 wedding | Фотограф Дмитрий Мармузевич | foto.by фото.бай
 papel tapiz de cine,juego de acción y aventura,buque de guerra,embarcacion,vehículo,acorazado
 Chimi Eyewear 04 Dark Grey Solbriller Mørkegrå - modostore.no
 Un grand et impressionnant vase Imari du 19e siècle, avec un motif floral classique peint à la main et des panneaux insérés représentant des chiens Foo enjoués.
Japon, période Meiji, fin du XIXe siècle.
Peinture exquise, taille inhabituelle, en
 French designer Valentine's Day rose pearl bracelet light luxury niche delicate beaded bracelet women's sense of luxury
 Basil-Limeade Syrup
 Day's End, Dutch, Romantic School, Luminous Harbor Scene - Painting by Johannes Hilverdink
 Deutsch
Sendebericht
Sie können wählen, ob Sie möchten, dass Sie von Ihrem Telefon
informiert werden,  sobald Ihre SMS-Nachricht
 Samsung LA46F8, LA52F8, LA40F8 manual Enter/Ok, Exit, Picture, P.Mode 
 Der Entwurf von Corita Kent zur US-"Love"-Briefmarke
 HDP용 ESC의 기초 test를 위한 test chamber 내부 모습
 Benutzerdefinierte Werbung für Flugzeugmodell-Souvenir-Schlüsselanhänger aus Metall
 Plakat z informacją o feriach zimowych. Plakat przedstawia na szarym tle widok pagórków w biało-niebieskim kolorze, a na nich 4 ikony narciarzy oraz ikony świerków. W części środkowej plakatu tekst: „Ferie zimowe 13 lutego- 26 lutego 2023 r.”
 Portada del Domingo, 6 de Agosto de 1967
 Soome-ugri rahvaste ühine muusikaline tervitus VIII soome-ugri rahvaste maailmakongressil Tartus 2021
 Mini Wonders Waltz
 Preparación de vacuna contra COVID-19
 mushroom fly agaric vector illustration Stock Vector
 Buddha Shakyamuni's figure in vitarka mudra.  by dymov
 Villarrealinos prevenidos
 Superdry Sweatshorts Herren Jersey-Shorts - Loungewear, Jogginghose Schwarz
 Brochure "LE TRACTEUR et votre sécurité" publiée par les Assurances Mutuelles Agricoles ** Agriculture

● **What the task requires**:
Write down again, exactly as given, only the lines above that fall from the line with "Un grand et" to the line with "Soome-ugri rahvaste ühine", inclusive.

● **Task output**:
 Un grand et impressionnant vase Imari du 19e siècle, avec un motif floral classique peint à la main et des panneaux insérés représentant des chiens Foo enjoués.
Japon, période Meiji, fin du XIXe siècle.
Peinture exquise, taille inhabituelle, en
 French designer Valentine's Day rose pearl bracelet light luxury niche delicate beaded bracelet women's sense of luxury
 Basil-Limeade Syrup
 Day's End, Dutch, Romantic School, Luminous Harbor Scene - Painting by Johannes Hilverdink
 Deutsch
Sendebericht
Sie können wählen, ob Sie möchten, dass Sie von Ihrem Telefon
informiert werden,  sobald Ihre SMS-Nachricht
 Samsung LA46F8, LA52F8, LA40F8 manual Enter/Ok, Exit, Picture, P.Mode 
 Der Entwurf von Corita Kent zur US-"Love"-Briefmarke
 HDP용 ESC의 기초 test를 위한 test chamber 내부 모습
 Benutzerdefinierte Werbung für Flugzeugmodell-Souvenir-Schlüsselanhänger aus Metall
 Plakat z informacją o feriach zimowych. Plakat przedstawia na szarym tle widok pagórków w biało-niebieskim kolorze, a na nich 4 ikony narciarzy oraz ikony świerków. W części środkowej plakatu tekst: „Ferie zimowe 13 lutego- 26 lutego 2023 r.”
 Portada del Domingo, 6 de Agosto de 1967
 Soome-ugri rahvaste ühine muusikaline tervitus VIII soome-ugri rahvaste maailmakongressil Tartus 2021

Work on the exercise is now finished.